INTEGRATED DEEPFAKE DETECTION AND SECURE DEPLOYMENT SYSTEM
Mrs.S.Nandhini1, Abinesh M2, Ancy Jemi Goldbell P3, Anishka J4
1Professor and Head of the Department of Computer Science & Engineering, Sri Shakthi Institute of Engineering and Technology, Coimbatore, Tamil Nadu, India, Email: nandhiniscse@srishakthi.ac.in
2Student, Department of Computer Science & Engineering, Sri Shakthi Institute of Engineering and Technology, Coimbatore, Tamil Nadu, India, Email: abineshm22cse@srishakthi.ac.in
3Student, Department of Computer Science & Engineering, Sri Shakthi Institute of Engineering and Technology, Coimbatore, Tamil Nadu, India, Email: ancyjemigoldbellp22cse@srishakthi.ac.in
4Student, Department of Computer Science & Engineering, Sri Shakthi Institute of Engineering and Technology, Coimbatore, Tamil Nadu, India, Email: anishkaj22cse@srishakthi.ac.in
ABSTRACT: The Deepfake Detection The Deepfake Detection System is an advanced web-based application designed to identify manipulated or AI-generated media using machine learning techniques. With the rapid evolution of deep learning, creating highly realistic fake images and videos has become easier, raising serious concerns about privacy, security, and digital authenticity. This system addresses these challenges by analyzing subtle visual patterns and inconsistencies that are difficult for humans to detect. It integrates a trained machine learning model that processes uploaded media, extracts meaningful features, and classifies content as real or fake. The platform ensures efficient communication between the user interface and the detection engine, delivering accurate and near real-time results.

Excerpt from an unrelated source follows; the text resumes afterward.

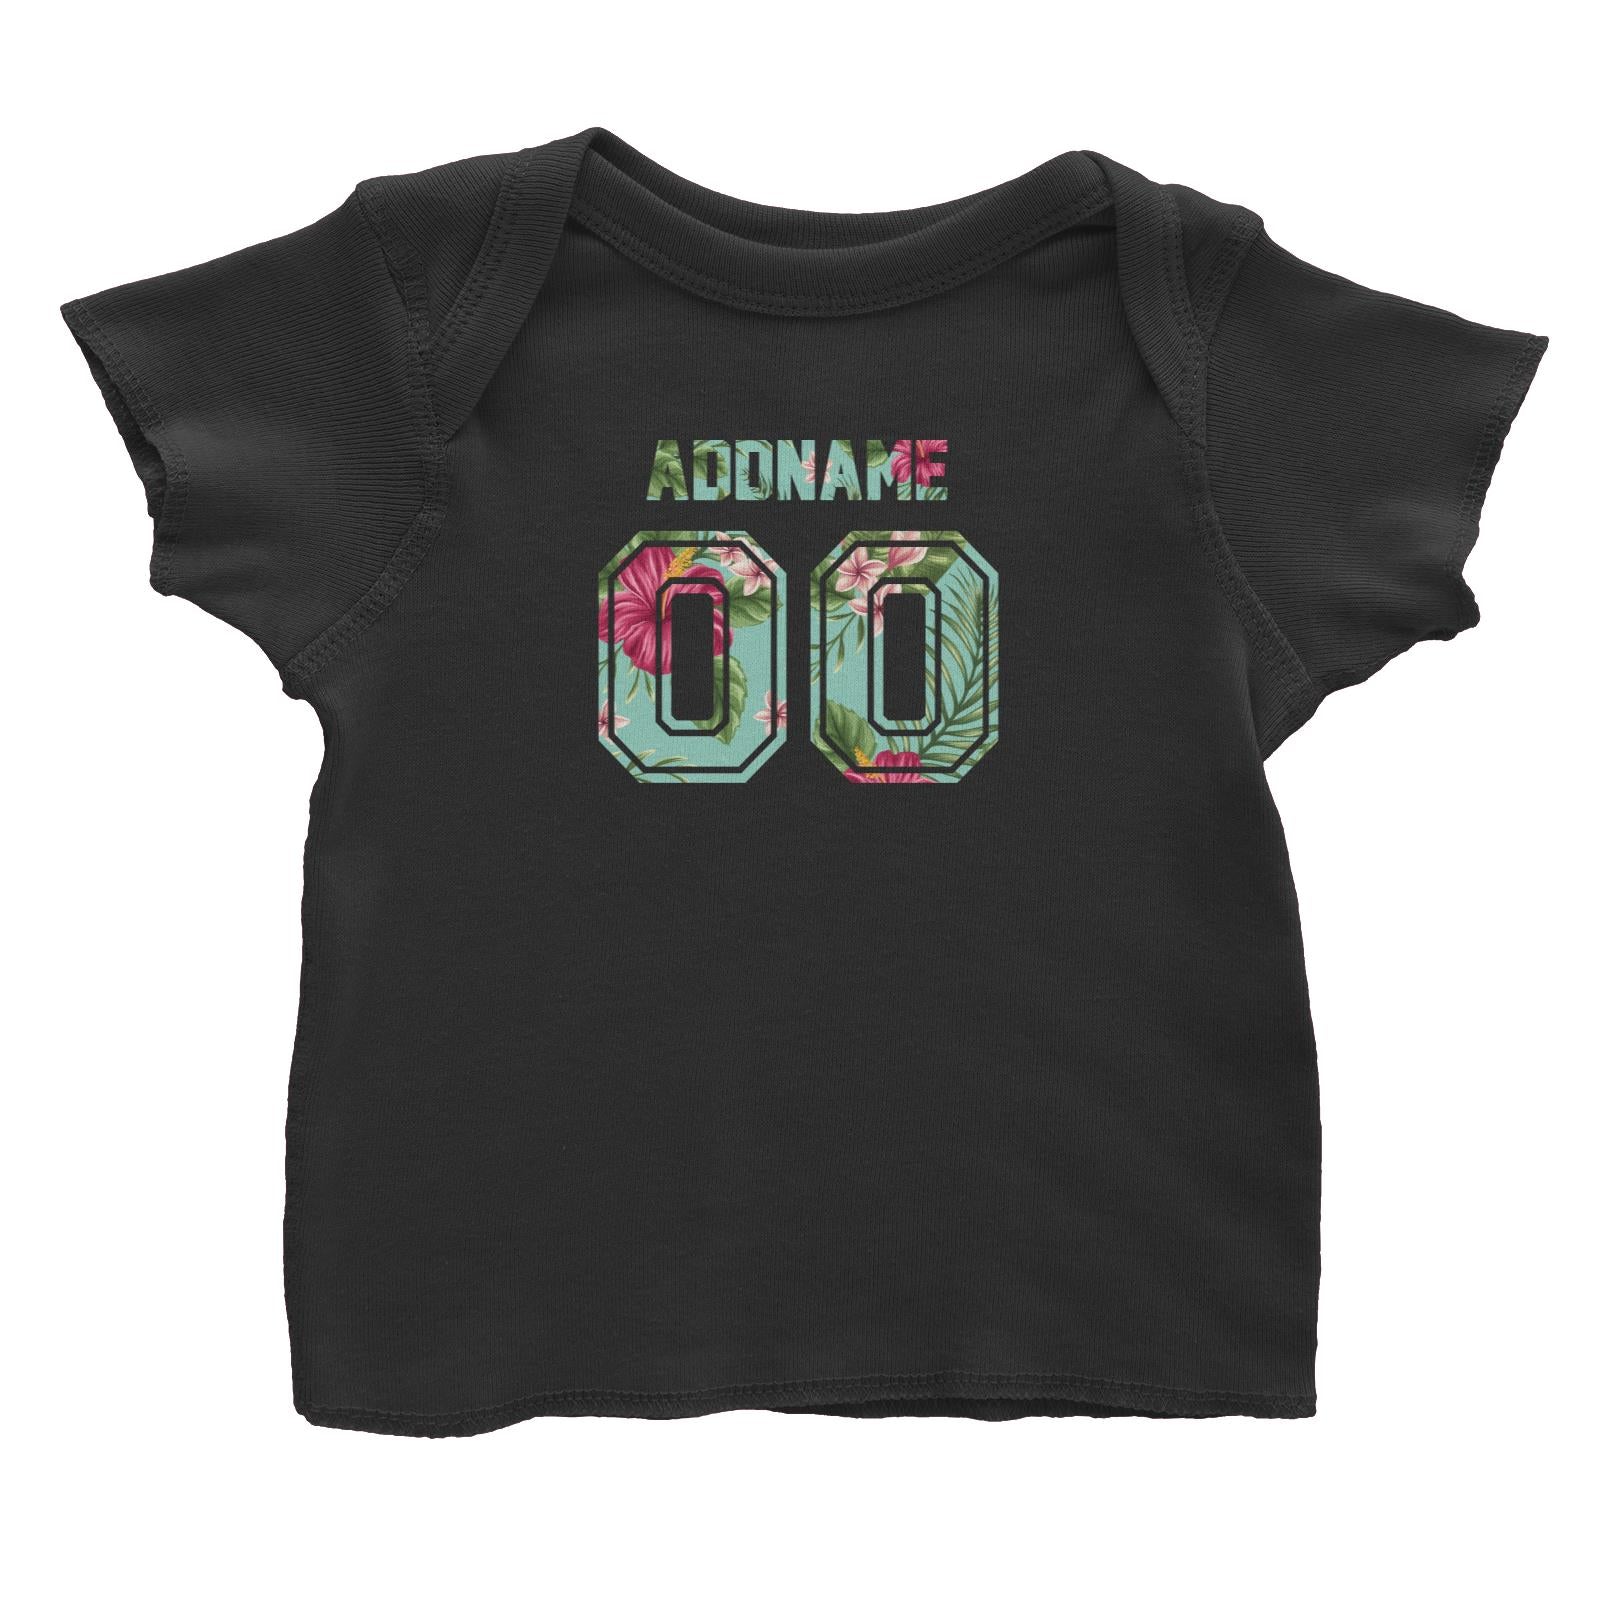 Jersey Bunga Raya Baby T-Shirt  Personalizable Designs

In addition to media analysis, the system extends its functionality by incorporating a secure artifact analysis module that supports ZIP file processing. Users can upload compressed files containing source code or application components, which are automatically extracted and analyzed. The system performs dependency inspection, vulnerability detection, and version compatibility checks to identify outdated or insecure packages. Based on this analysis, it provides upgrade recommendations and generates a deployment-ready script that helps users securely update and run their applications.
Built with scalability, reliability, and performance in mind, the system enables both authenticity verification and software security validation within a unified platform. By leveraging advanced algorithms, including CNN-based architectures, along with automated security analysis techniques, the platform enhances trust in digital content while also ensuring the integrity and safety of software artifacts.